Kassir, only 45 when he died, was one of the region's foremost intellectuals, a historian as well as an active journalist. He wrote important books on the history of Beirut as well as the Lebanese civil war, but his brave commentaries in the daily An Nahar are what made him one of the most powerful voices of the 2005 “Cedar Revolution.” In common with widespread opinion among Lebanese, Khoury believes Kassir and other victims of recent assassinations were targeted for their opposition to the Syrian regime and its allies in Lebanon.
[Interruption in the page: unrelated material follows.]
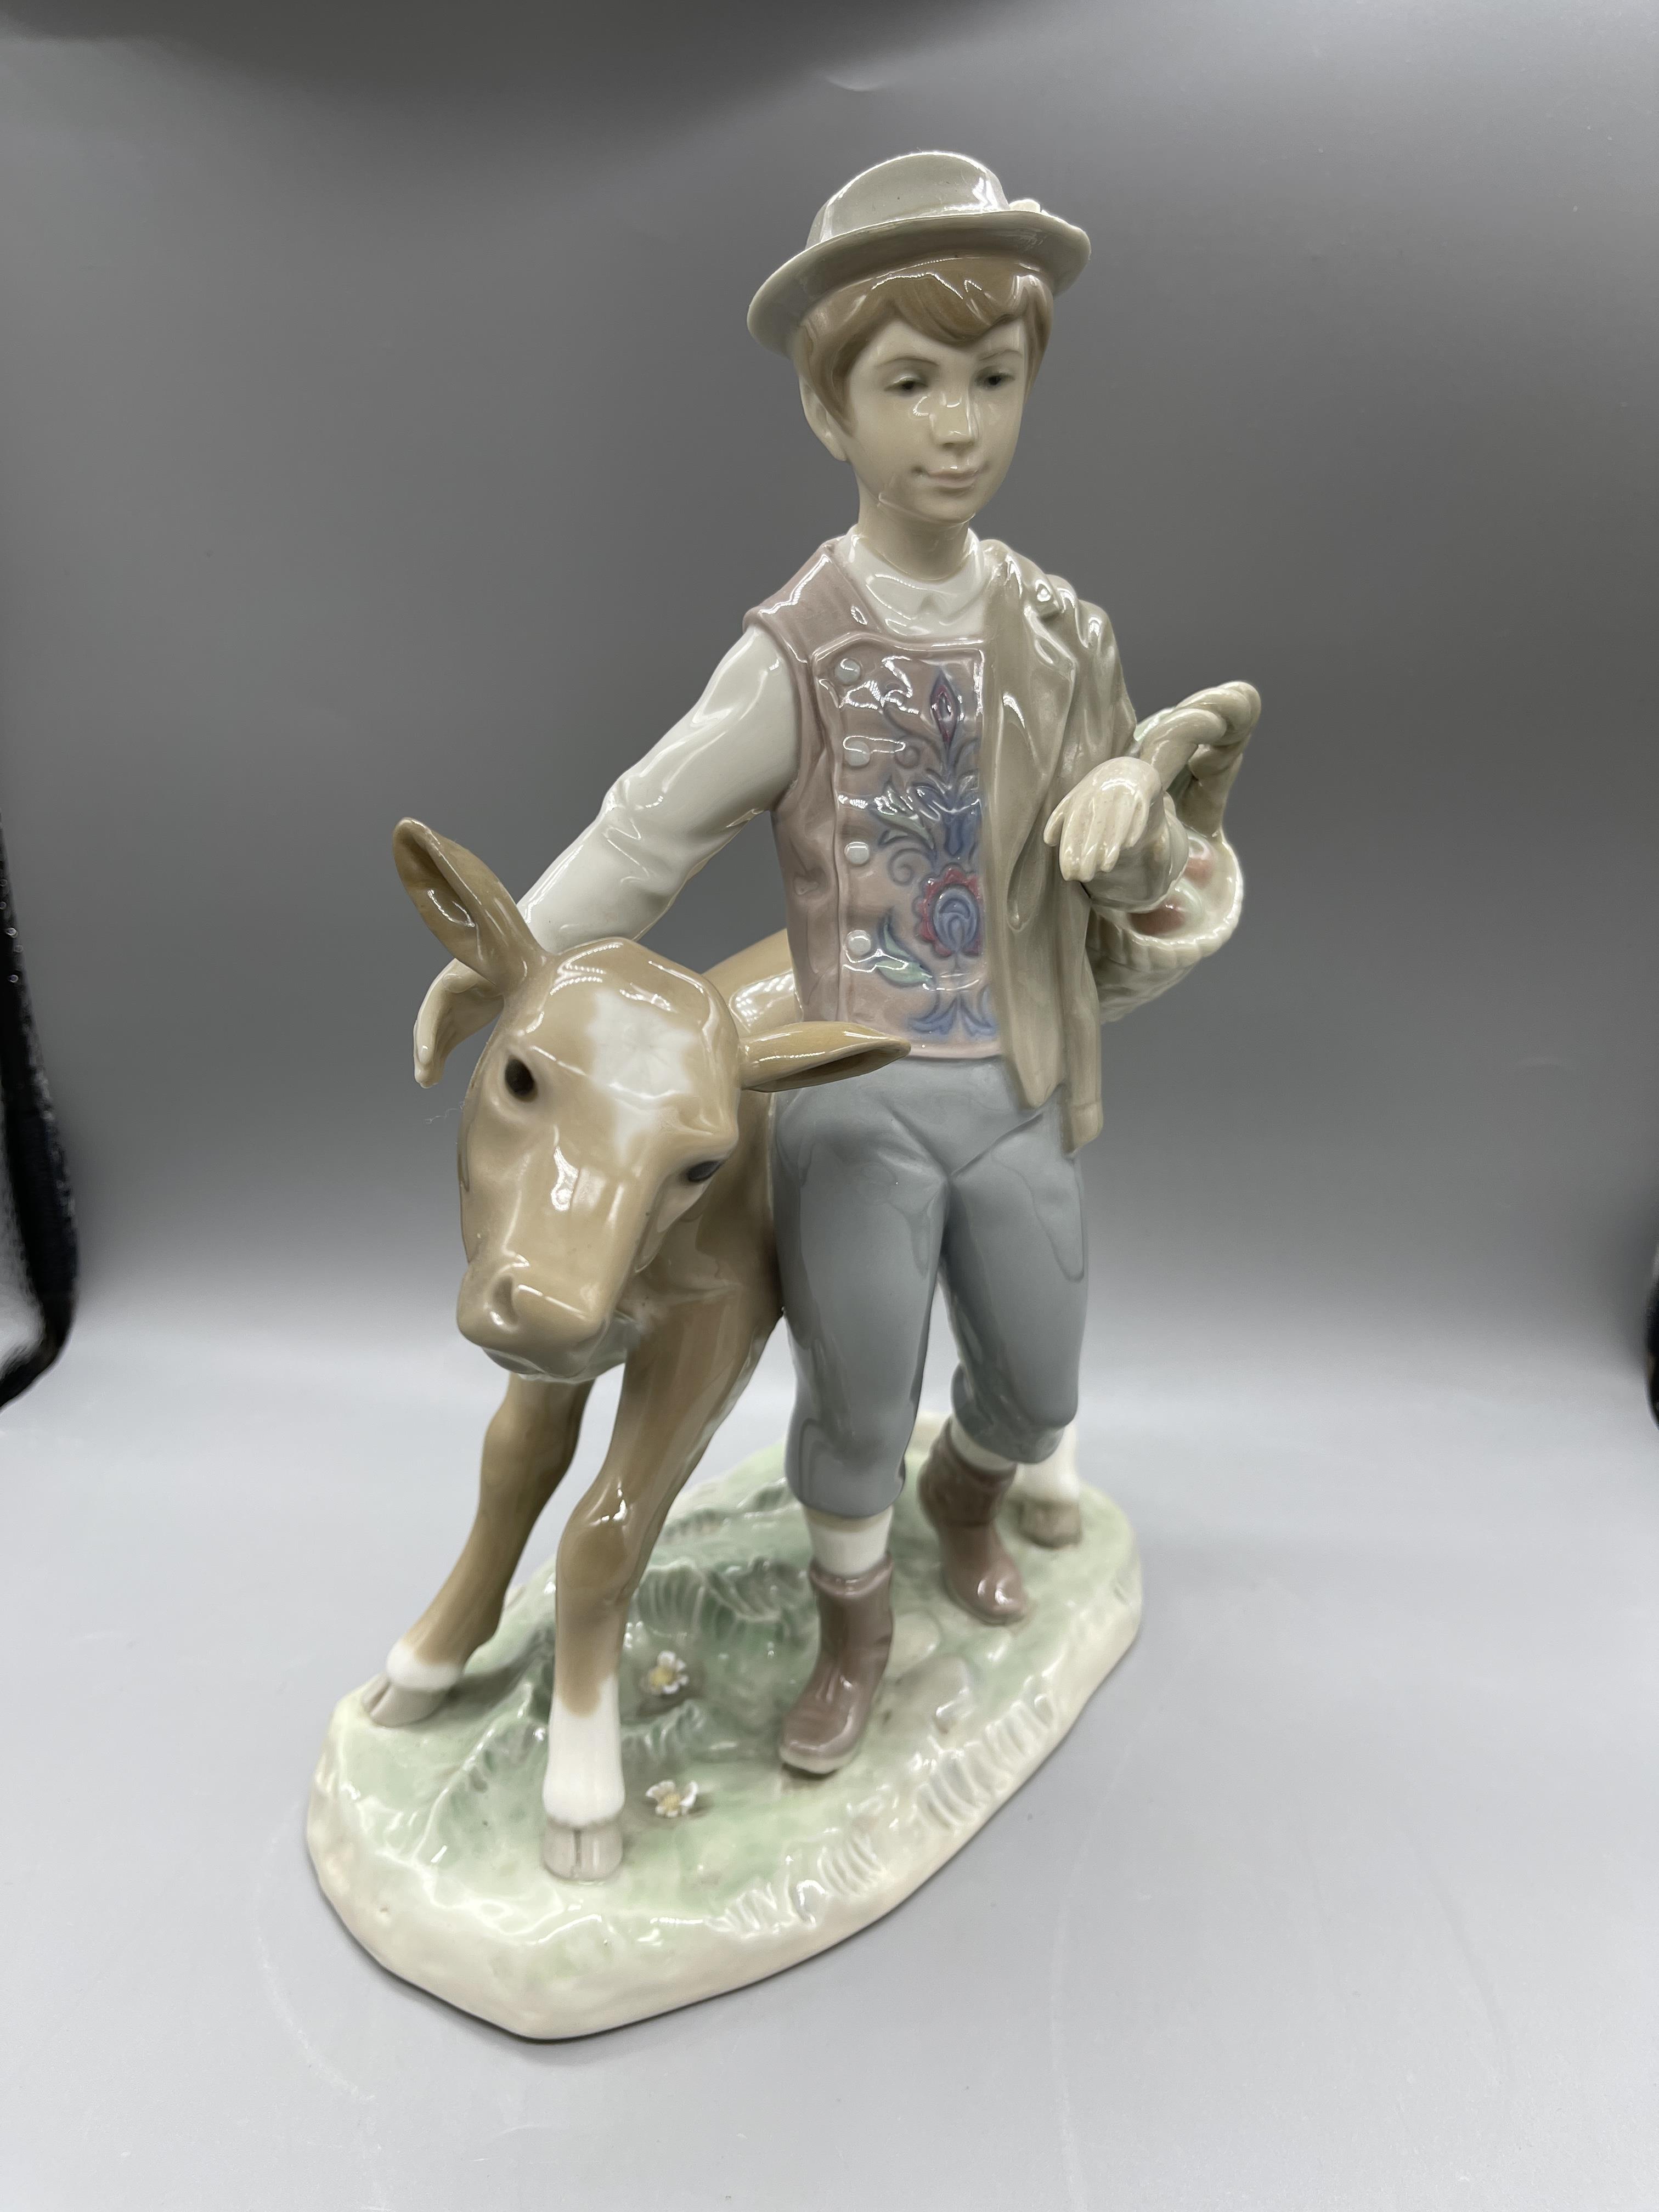 Taking cow to market, Lladro figureLladro boy and - Image 6 of 8

Kassir was killed when a bomb exploded as he got into his sports car on a street in East Beirut; six months later his editor at An Nahar, Gebran Tueni, himself a prominent democracy advocate, was assassinated while driving to the newspaper.
Elias, one of the Arab world's most distinguished novelists, playwrights and critics, who edits An Nahar's Al-Mulhaq cultural supplement and teaches a course one semester a year at New York University, said he's been working on translations of Kassir's work, which gave him a chance to rediscover his writing.
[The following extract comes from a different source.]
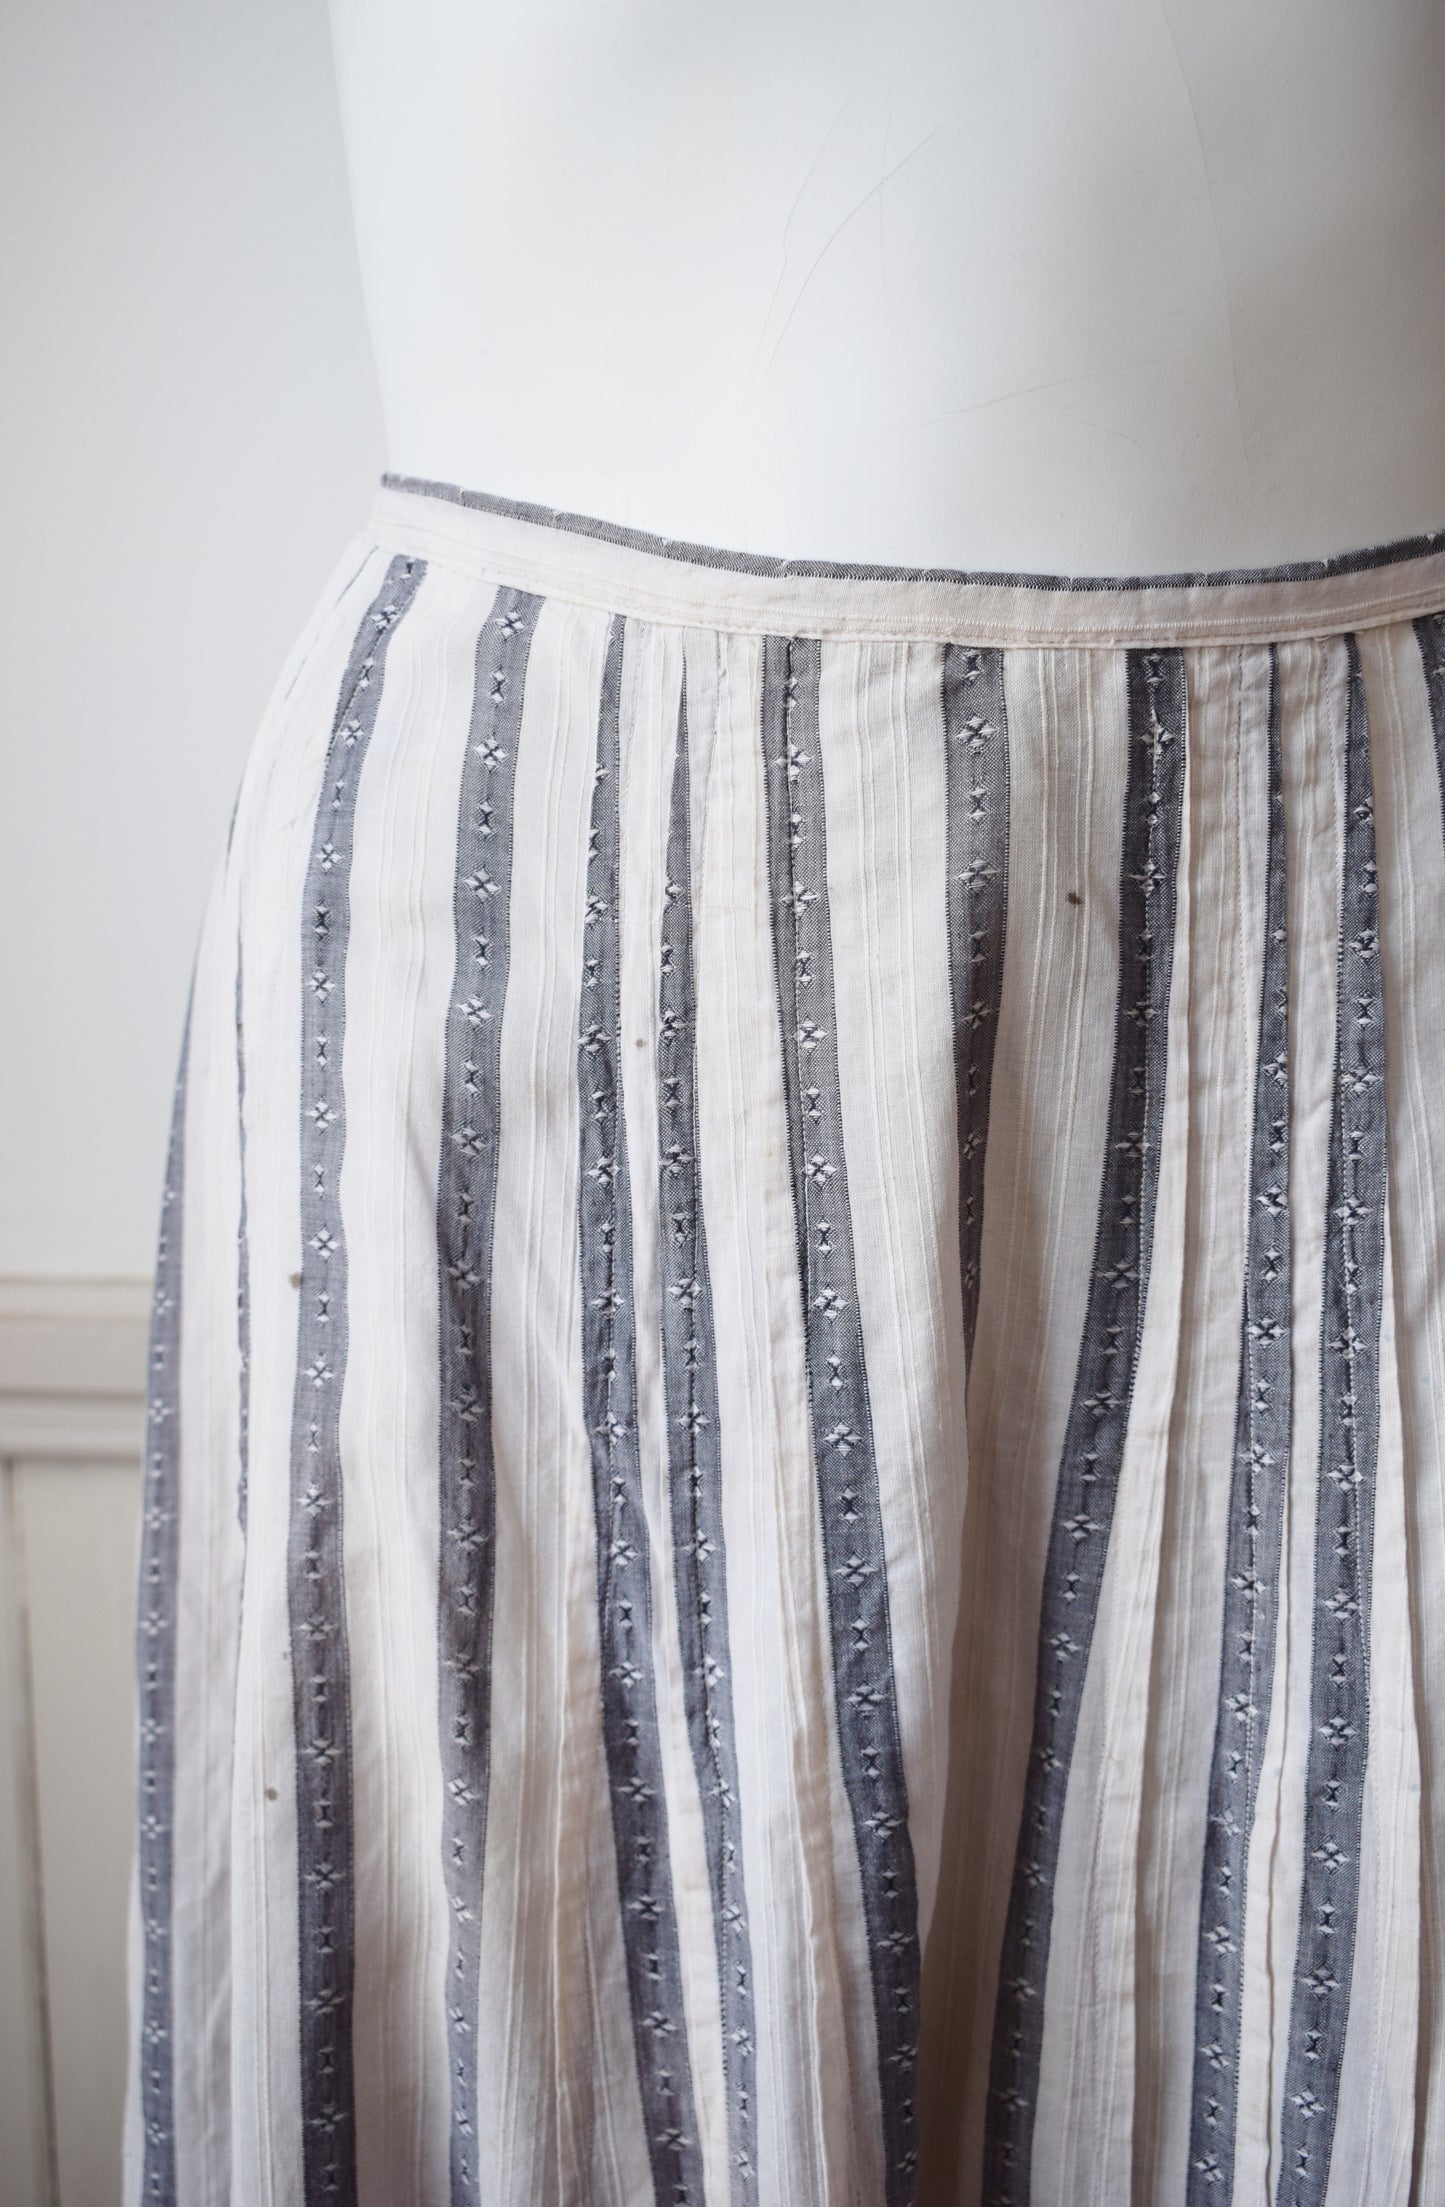 Antique Ticking Stripe Pleated Cotton Skirt | L

How do you look at Samir now?
As a historian and as a thinker, there is the big loss. Of course, on a personal level, there are not words to speak about that loss. He was a friend and colleague and we worked together all the time. We were together for this change that happened in Lebanon. His presence now could be very helpful to rethink.
How do you mean?
Before he died, he wrote an interesting article in An Nahar speaking about an intifadah inside the [Lebanese] intifadah, an uprising inside the uprising. It was the first self-criticism of the March 14 uprising, in the sense that he was pushing for a more radical change in it, in order to change Lebanese political life.
What was his radical idea?
After March 14's huge demonstration, the leadership hesitated to put down the president [Emile Lahoud]. He felt something wrong, to stop a revolution in the middle. It was wrong to stop the revolt in the middle and make compromises. You finish the job and then you make compromises. At that moment, it was possible. It could have been done, with high price, but it was possible. But the price we paid afterwards was very high and it will be higher to come.
What could Samir contribute to today's debate?
He was Palestinian, Syrian and Lebanese. His father was Palestinian, his mother was from Lattakia and he was born and raised in Lebanon. This is the moment when these three places are connected in a very deep way. Our Syrian friends are condemned to jail, Michel Kilo, and others, these who were in the initiative of the Damascus Spring. Palestine, in Gaza and in Nahr al-Bared, is facing its biggest danger, the first time someone dares to kidnap Palestine in the name of Islam, with this very vague relationship with the Syrian regime and al Qaeda. Lebanon is also approaching the last test, which is the presidential election, whether we have a country or not. With these three counties, Samir was very much engaged. Samir was engaged for Syrian democracy, in Palestine for a two-state solution and right of Palestinians for self-determination, and in Lebanon he was engaged in struggle for independence and democracy. In these three places we are facing very tough moments. To discuss with him would have been very helpful. We feel the gap. We feel how much we lost in his death.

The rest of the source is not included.